The literature review of 24 earlier studies found bacteria's resistance to antibiotics was strongest in the month following treatment, but could last up to 12 months afterward.

"This goes on for quite a lot longer than we had thought," Dr. Alastair Hay, lead author of the study and a physician and lecturer in health care at the NIHR National School for Primary Care Research in Bristol, UK, told DOTmed News.

The study was the first major review of the literature known to the researchers to check how long after therapy drug resistance in patients lasts, Hay said.

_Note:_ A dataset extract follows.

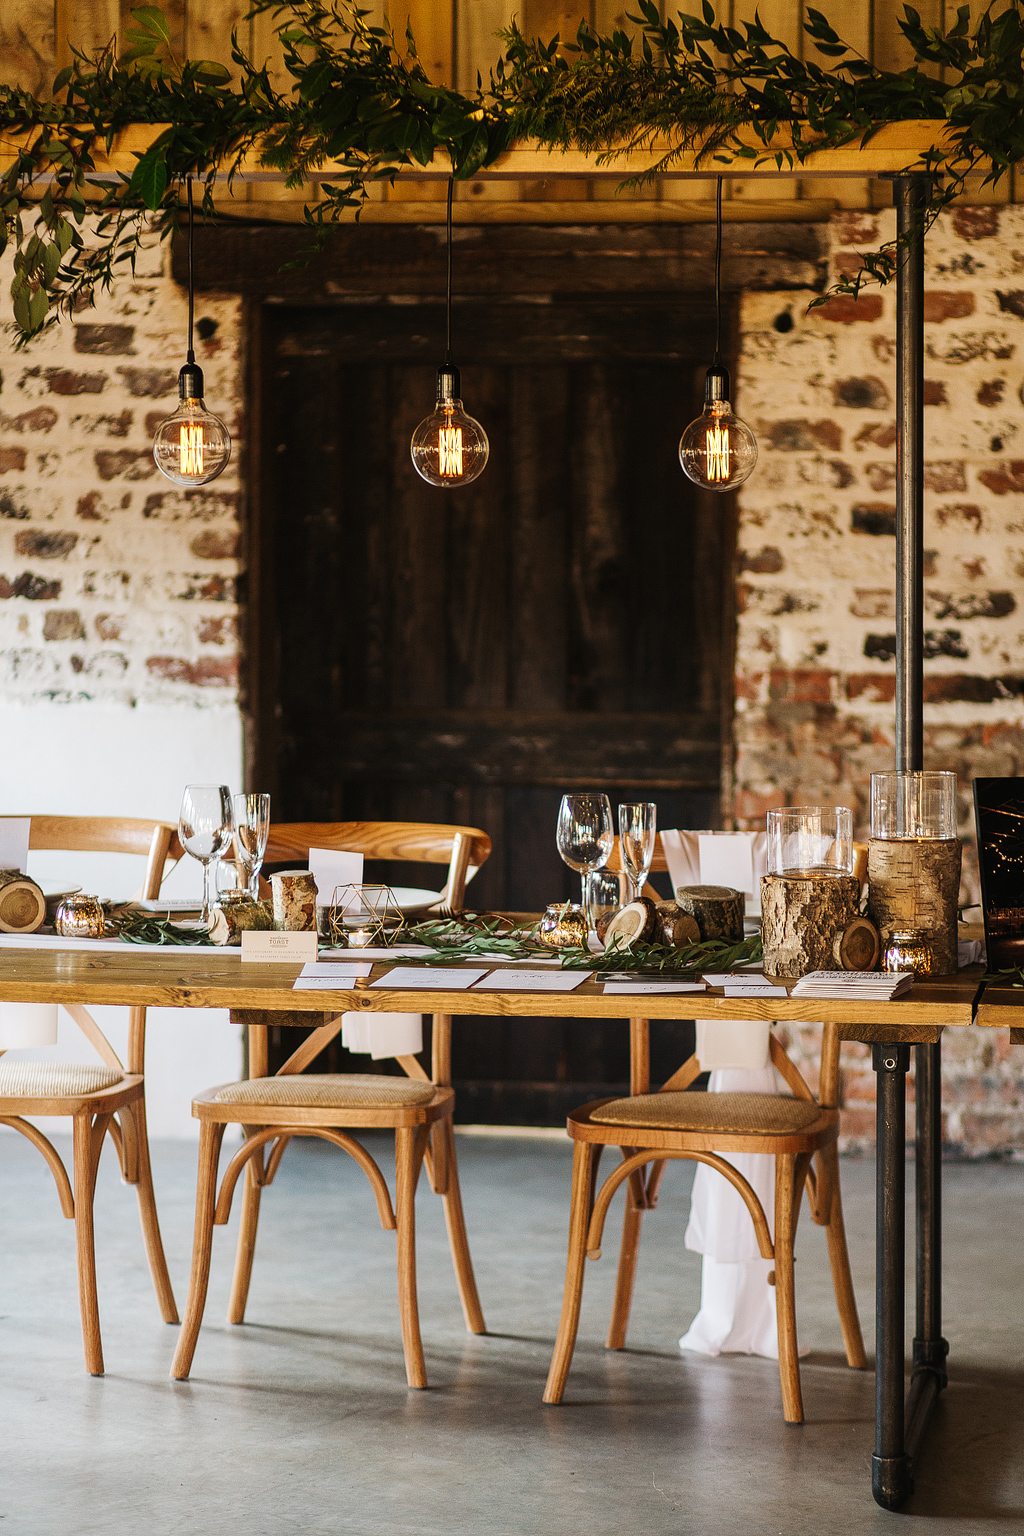 how to style a cool wedding in a barn

The review looked over earlier studies to find the effects on an individual's bacterial drug resistance after treatment with several common antibiotics in the respiratory tract, urinary tract; and MRSA infections. It found that the greater number of courses before treatment, the greater the likelihood researchers would extract bacteria in the patients resistant to the antibiotics.

For two of the most commonly prescribed first-line antibiotics, amoxicillin and trimethoprim, the researchers said they found evidence of a dose-response relationship, meaning the greater the dose, the greater the subsequent resistance.

Resistance happens as antibiotic exposure kills off susceptible bacteria, artificially creating a favorable environment for resistant bacteria to flourish, Hay said. But the state isn't stable. In a randomized, controlled study Hay said was among the best-designed of the ones looked at, resistance was highest in the week after treatment but declined over time. The odds ratio for resistance fell from around 12 after the first week, to around 6 at one month, and 2.2 after half a year.

"Being a resistant bacteria is harder work than being a susceptible one," he said. "If there's no other environmental pressure, the bacteria will slowly revert back to being susceptible. It's their most energy-efficient state."

RESISTANCE COSTS

This antibiotic resistance has serious costs. In an editorial accompanying Hay's article, researchers from Duke University in North Carolina and Uppsala University in Sweden point out treating hospital-acquired infections derived from just six bacteria cost the United States around $1.9 billion a year, more than the costs for treating the flu. Costs from the European Union add another nearly $1.9 billion to the global total.